Kevin jumped backward and I seemed to regain control of myself and I stood up.

“Hi James. I’ll be in my room if you need anything.”

I rushed to my room, and slammed the door closed. Now most would think oh, it was just Kevin being a boy, and James would tell him that was gross, and move on right? Wrong. James was very overprotective of me. Anyone who ever looked at me in a way he didn’t like, would be put on the list of people who were not aloud near me. So, like he normally did.. James overreacted.

I could hear James screaming at Kevin. I could hear Kevin laughing it off as if it was a joke, and James telling him that no friend of his would joke about that with his baby sister.

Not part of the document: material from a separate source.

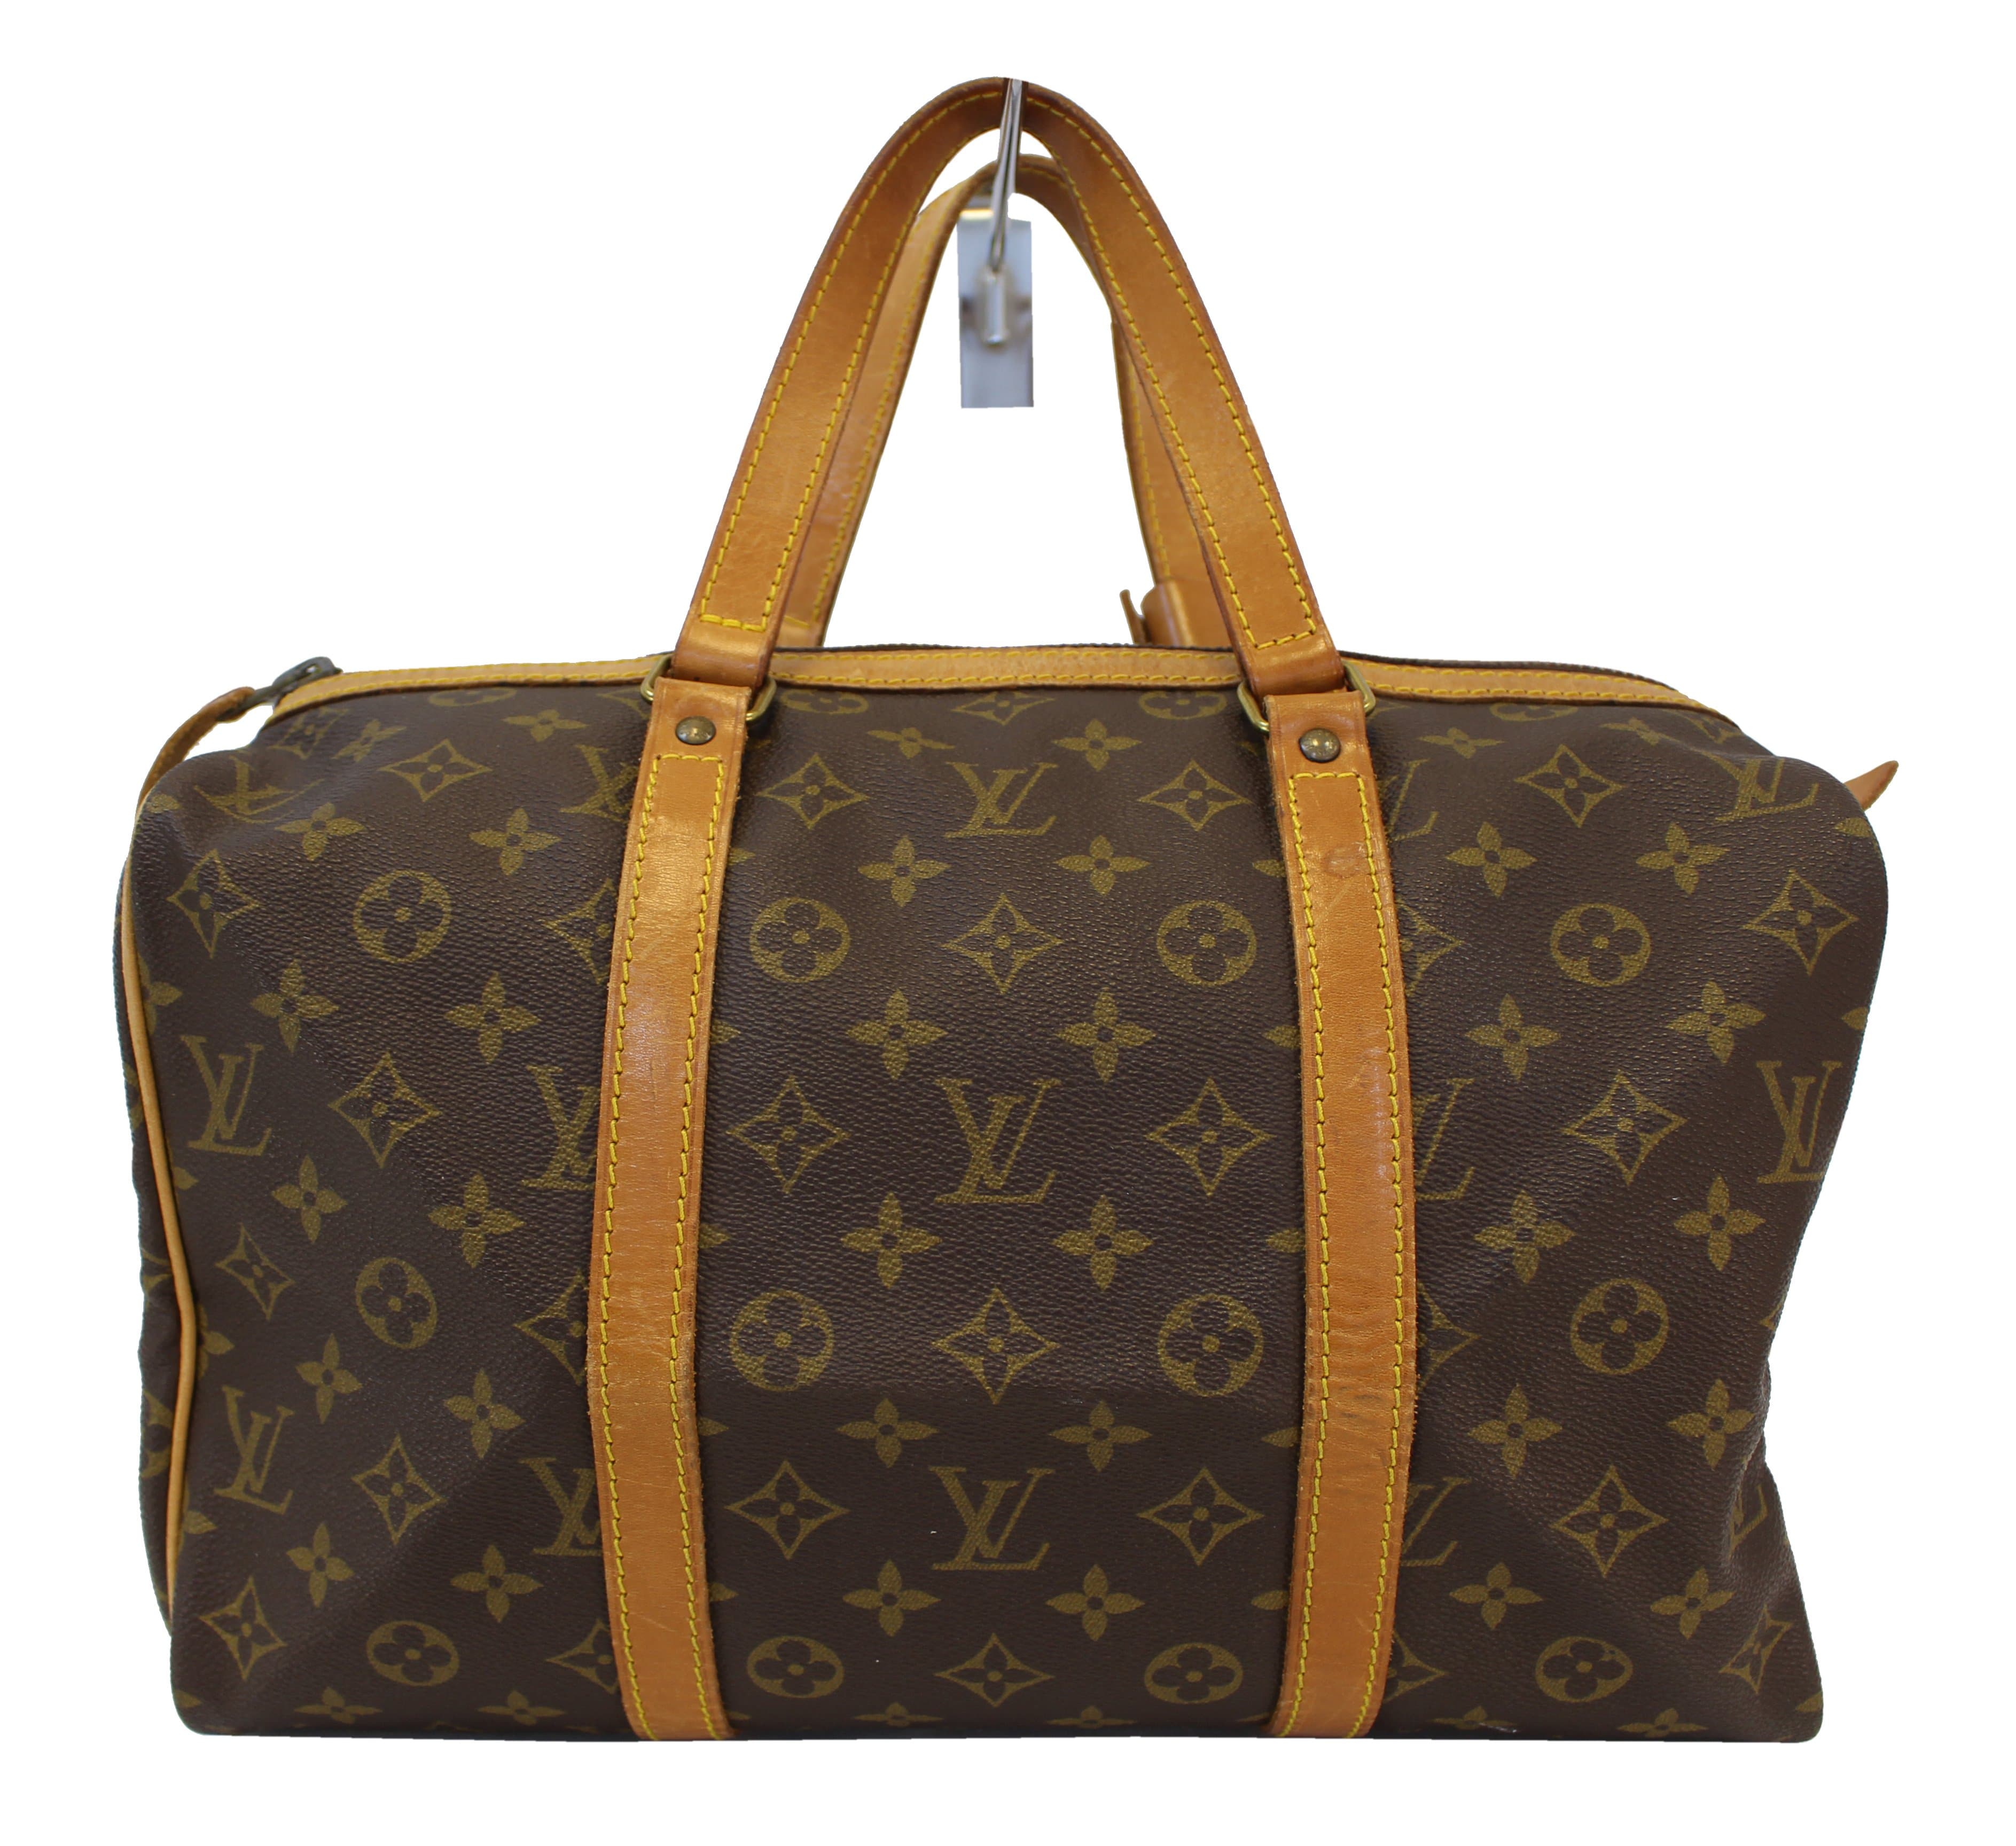 Backpack Discontinued? : r/Louisvuitton

I could hear James telling Kevin to never come within a 20 foot radius of me ever again. I could hear Kevin saying “I wasn’t even gonna kiss her dude. I was messing with her.”

And I could hear James say,

“Well, don’t ever mess with her again. I don’t want you anywhere near my house or sister again. Leave.”

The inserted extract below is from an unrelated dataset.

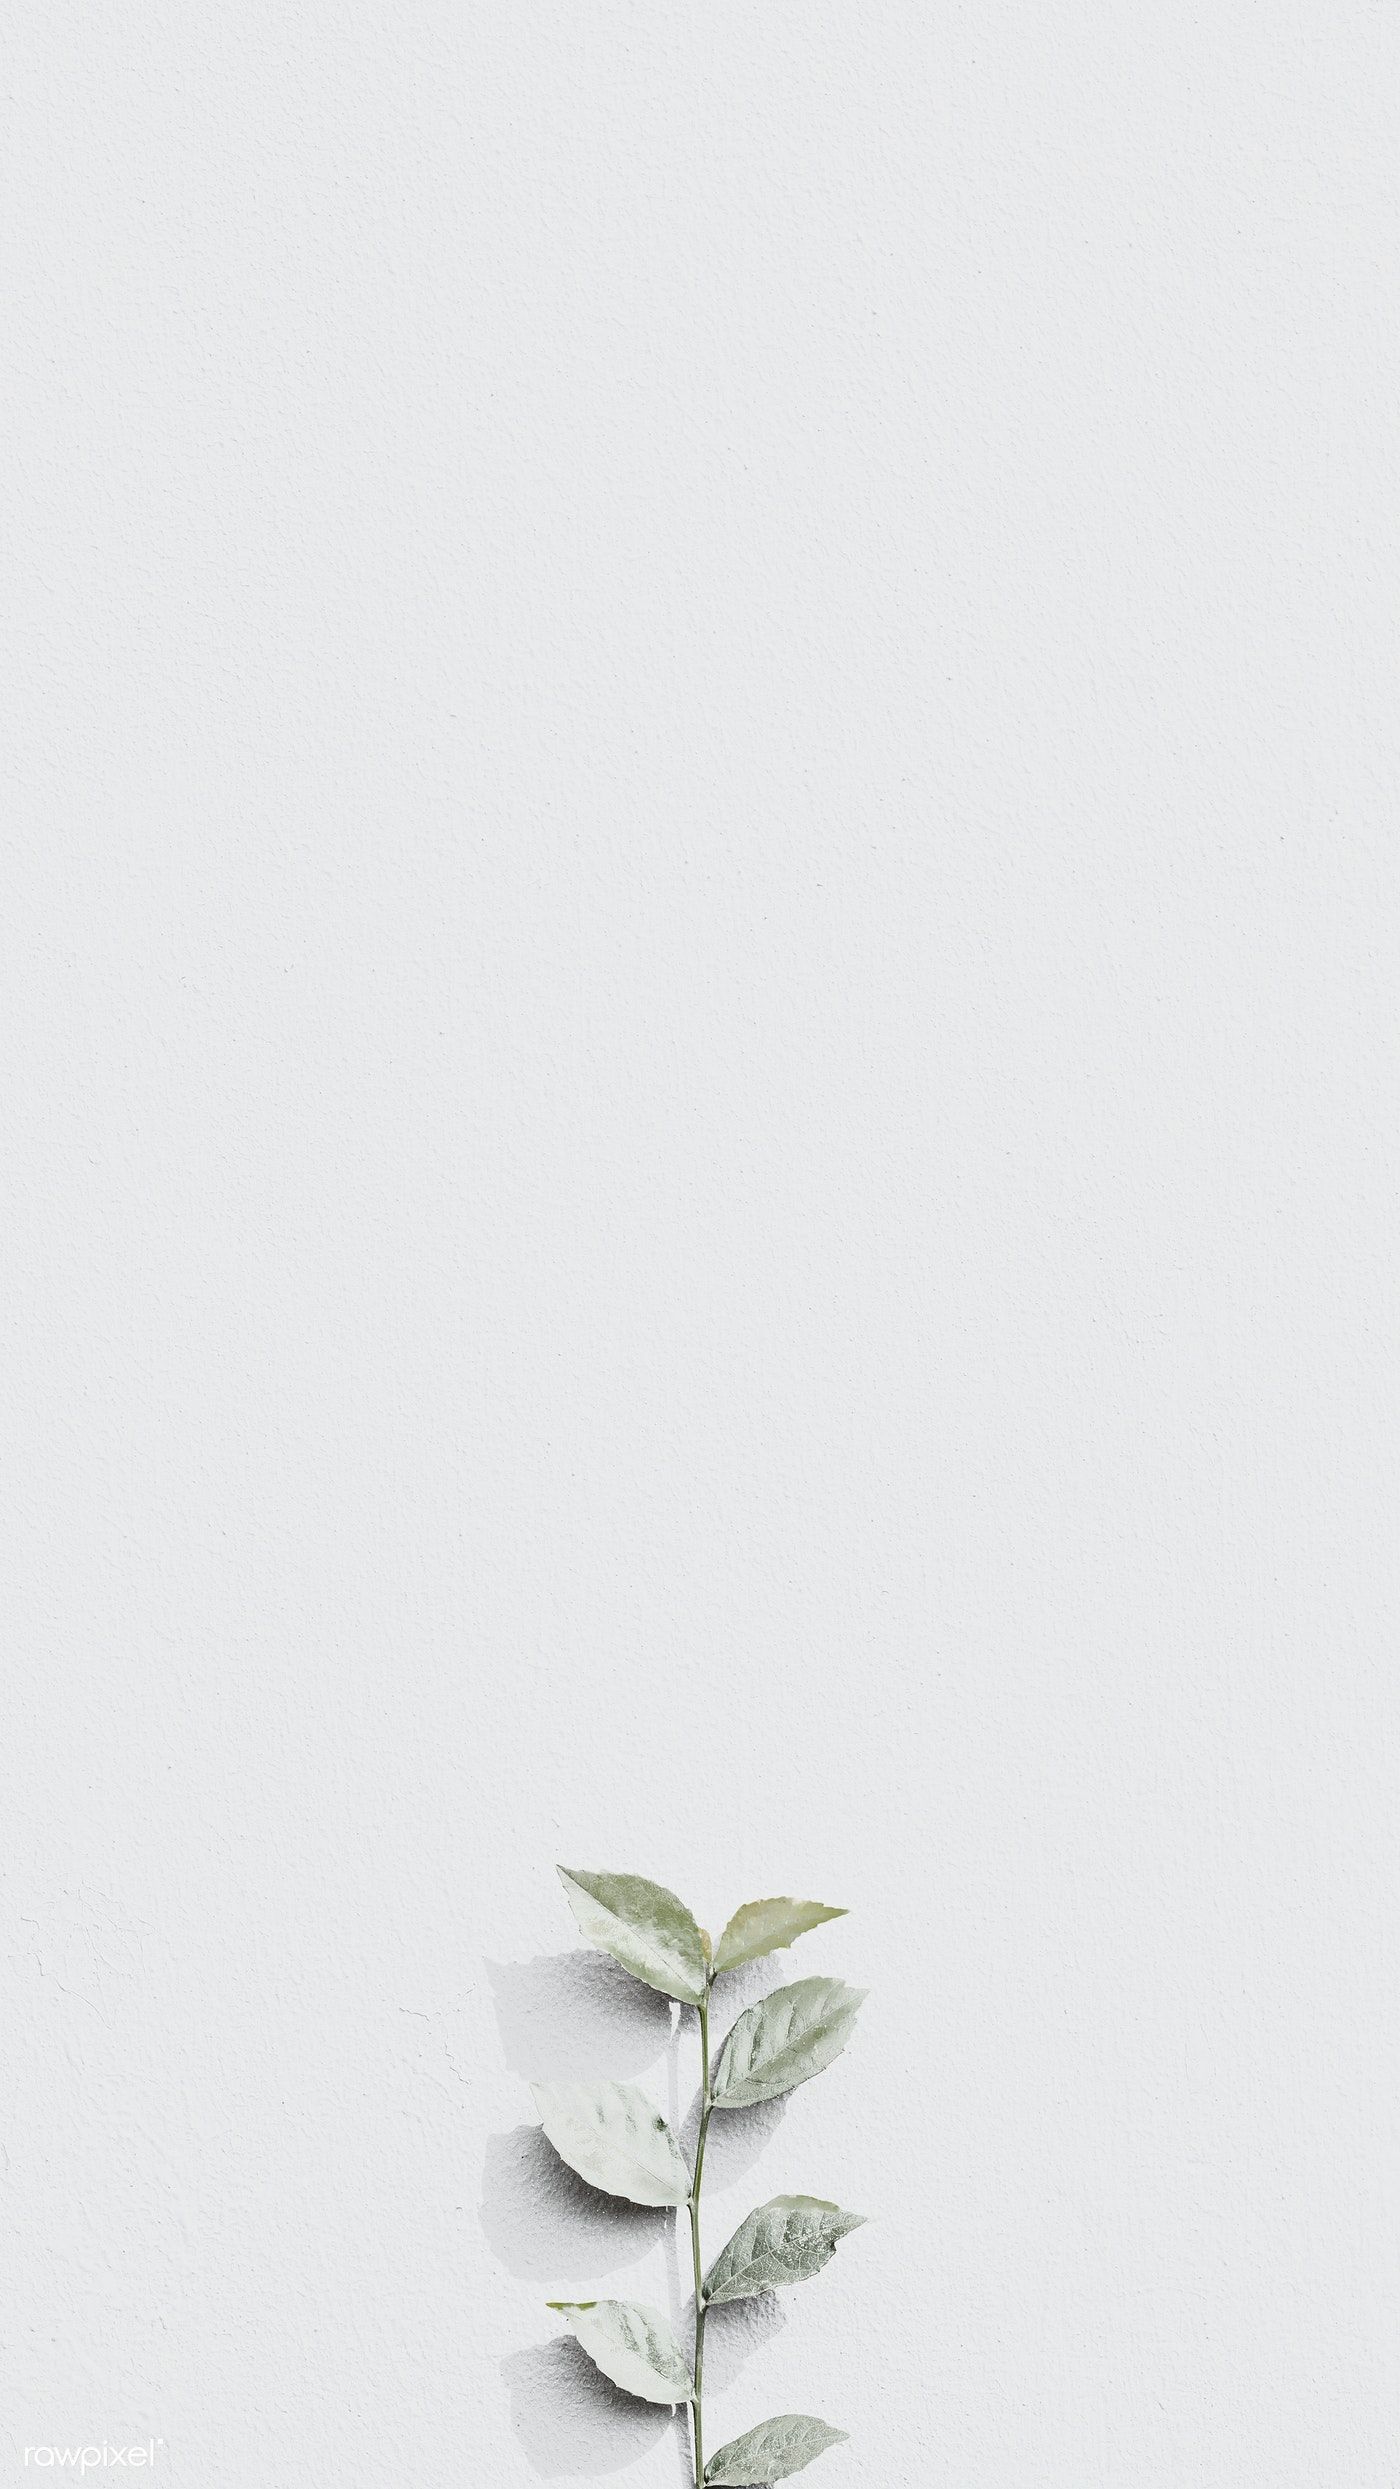 A small plant sitting on top of the ground - Gray

I remember James knocking on my door and walking in. James hugged me, and said that Kevin was a messed up friend for trying to kiss me.

“You’re my little sister, and he’s a boy. He’d give you cooties... and that’s gross. I wouldn’t be able to play Mario Kart with you anymore if you had cooties.”

Honestly, not being able to play Mario Kart with my older brother was a very terrifying thing at the time.

James had always been the person to protect me. Always there to stop the mean girls, to keep me out of trouble, and to stop boys like Kevin. But then he wasn’t.